At the beginning of 2011, Martin Feldstein, Harvard economics professor and chairman of former President Reagan’s Council of Economic Advisers, spoke about the U.S.-China account imbalances. Feldstein thinks American goods can become more competitive relative to Chinese goods if the nominal value of the dollar falls relative to the yuan. But this clearly isn’t happening. “Since the Chinese price level has been rising at about 5 percent while the U.S. inflation rate has been only about 1 percent, the difference in inflation rates adds an additional 4 percent to the change of the real exchange rate. The combination implies that the real value of the yuan relative to the dollar is rising at about a 9 percent annual rate.”

“You can see that the playing field isn’t level right now,” says Derrick. “A Japanese government official recently pointed out that China can meddle in other countries’ currencies but no one can meddle in its currency because it’s controlled.” Derrick is of the opinion that the People’s Bank of China actually wants to have the currency float, but China’s Commerce Department wants to protect the cheap manufacturing business that allows them to compete at a top level in the world markets.

The U.S. and China have talked policy changes, including a change in China’s exchange rate policy, but Feldstein thinks that Obama’s team has focused too much attention on the exchange rate rather than on the saving and investing practices of China’s consumers. “They did not succeed in changing those polices and may have caused China to resist an exchange rate adjustment more strongly to avoid the impression that China was forced by the U.S. to alter its policy,” says Feldstein.


Save or Spend

According to Eric Jackson, founder of Ironfire Capital, a hedge fund investment firm based in Naples, Florida, which focuses on China-based companies, “The yuan will go higher. And the uncertainty of how the Chinese government will manage the currency has made the older generation afraid to invest in stocks or put all its money in Chinese banks.” With so much money being made, this distrust of banks and the stock market has led Chinese consumers either to try to diversify their investments, even into luxury goods, or to hold on to their money. In fact, Jackson says he knows of one entrepreneur who rented a 1,000-square-foot apartment just to store his newly earned cash.
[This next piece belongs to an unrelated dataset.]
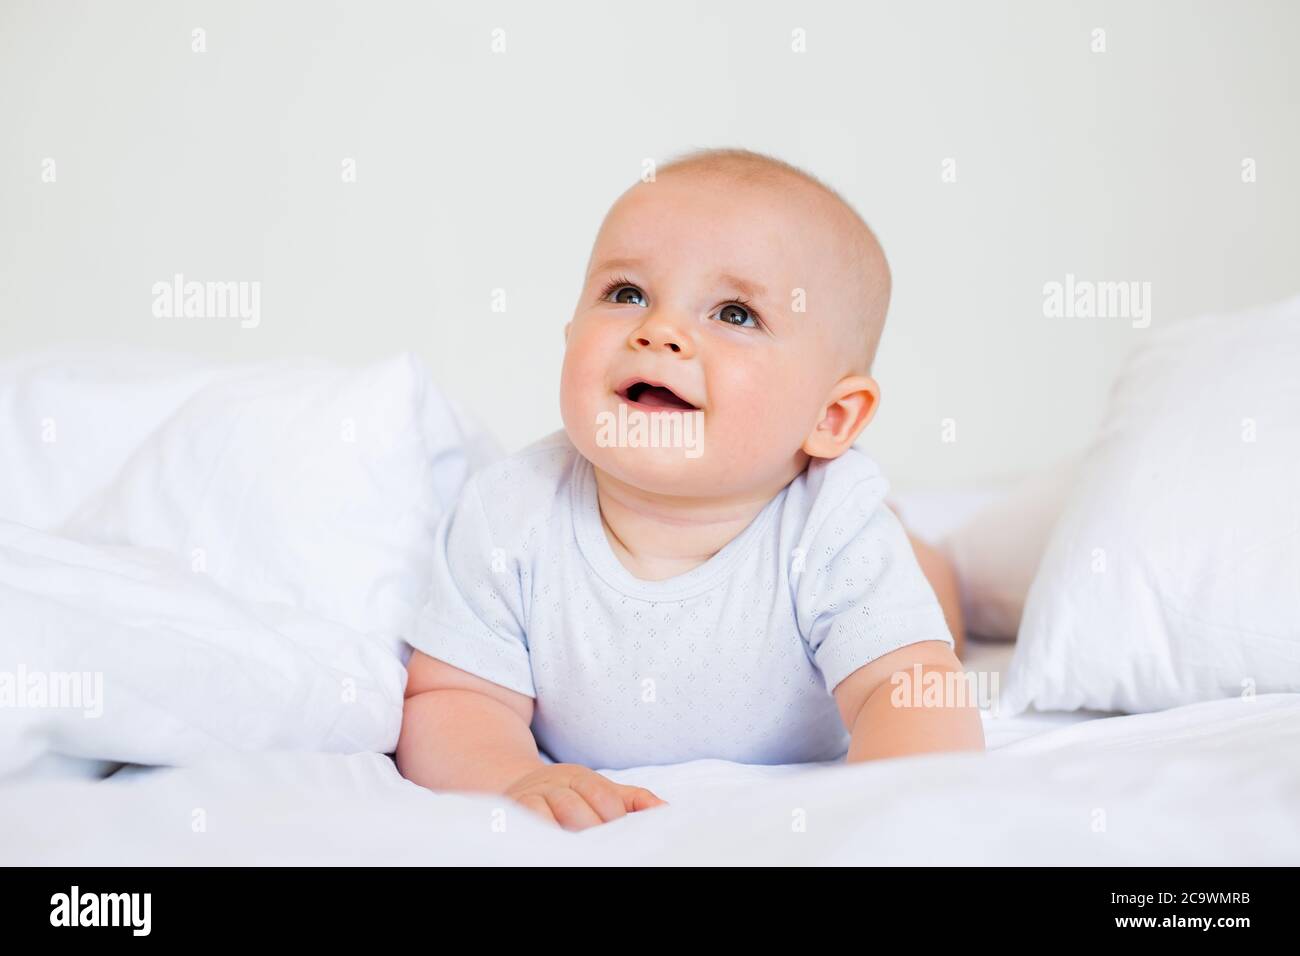 Carino bambino ragazzo sorridente si trova nel letto della casa. Biancheria da letto per i bambini Foto Stock

“People are getting richer much more quickly and the market is watching to see if the Chinese will save or spend their yuan,” says Jackson. As a result of the currency wars, he sees the Chinese still wanting to own hard assets, like diamonds. But if the yuan really does significantly increase, then the gains some are expecting when they sell their hard assets will not be as great.

Barry Ritholtz, a former-lawyer-turned-economist-pundit and founder of “The Big Picture,” an economic/investment blog, doesn’t see a free float Chinese currency happening. He thinks the political appeal of all those cheap manufacturing jobs China can offer its citizens, combined with the money made on exports, outweigh the current losses China’s central bank is incurring by owning so many depressed U.S. dollars.
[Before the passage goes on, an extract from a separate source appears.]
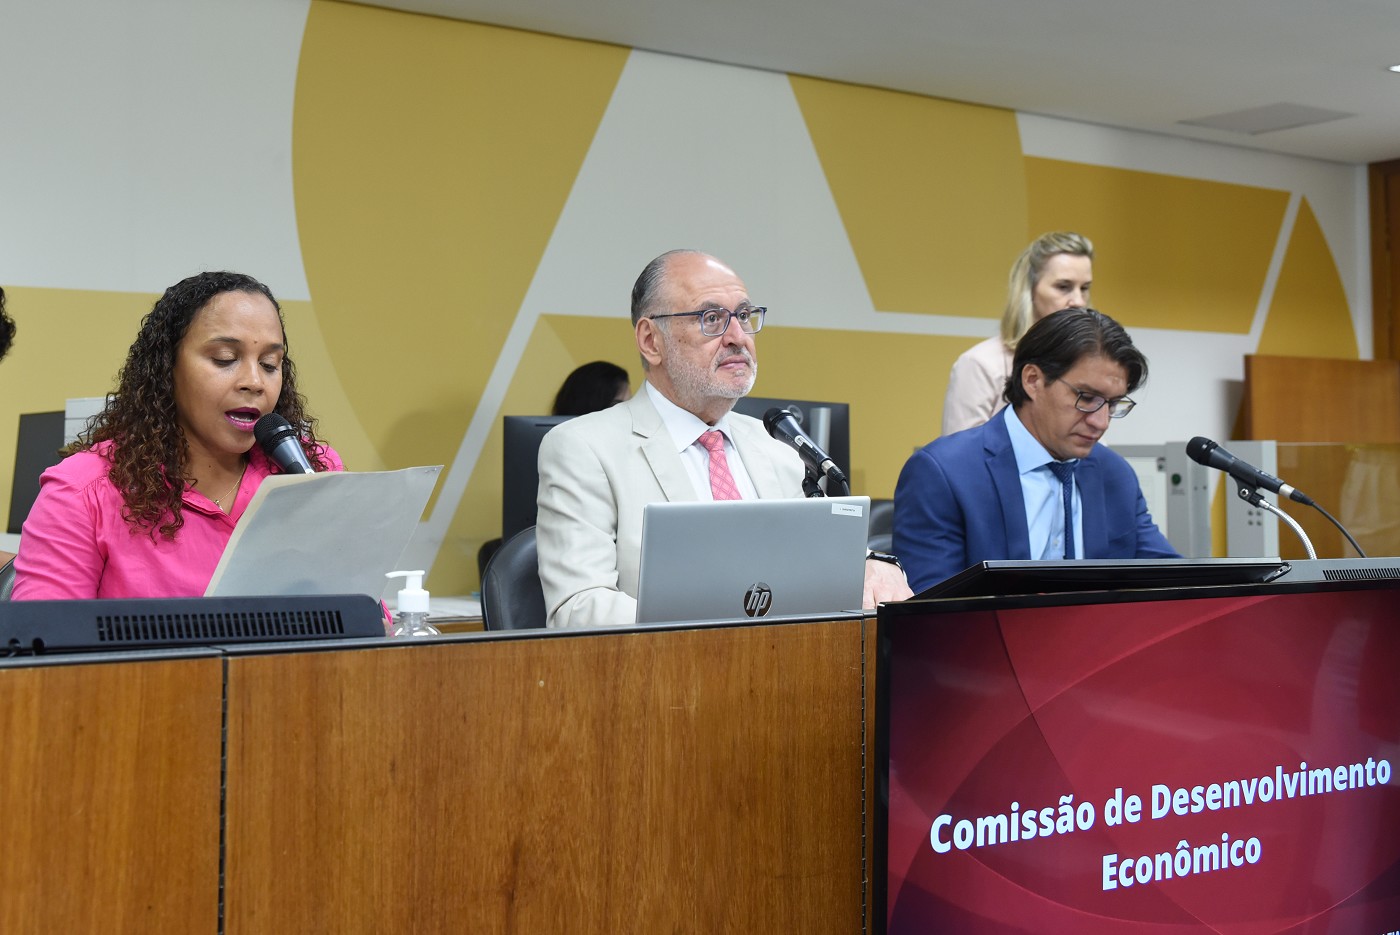 Comissão de Desenvolvimento Econômico - análise de proposições

In mid-January, Pharo Management, a $4 billion London-based fund, became the first hedge fund manager to offer shares in an investment fund dominated by the yuan. At the same time, the Chinese government ruled that domestic companies could move the renminbi offshore for investment purposes, this making it accessible to a wider audience. Both moves confirm the appeal of Chinese currency to global investors and, at the same time, their concern about the strength of the dollar.

The currency war is now a wait-and-see game. Will China fold to international pressure and relinquish its control and liberalize its currency, allowing it to float freely, which would help level out the international playing field and ease the U.S trade deficit? Or will China keep fueling a cheap manufacturing economy and find another way to make those depressed dollars they are holding in their reserves pay off down the road? Only time will tell.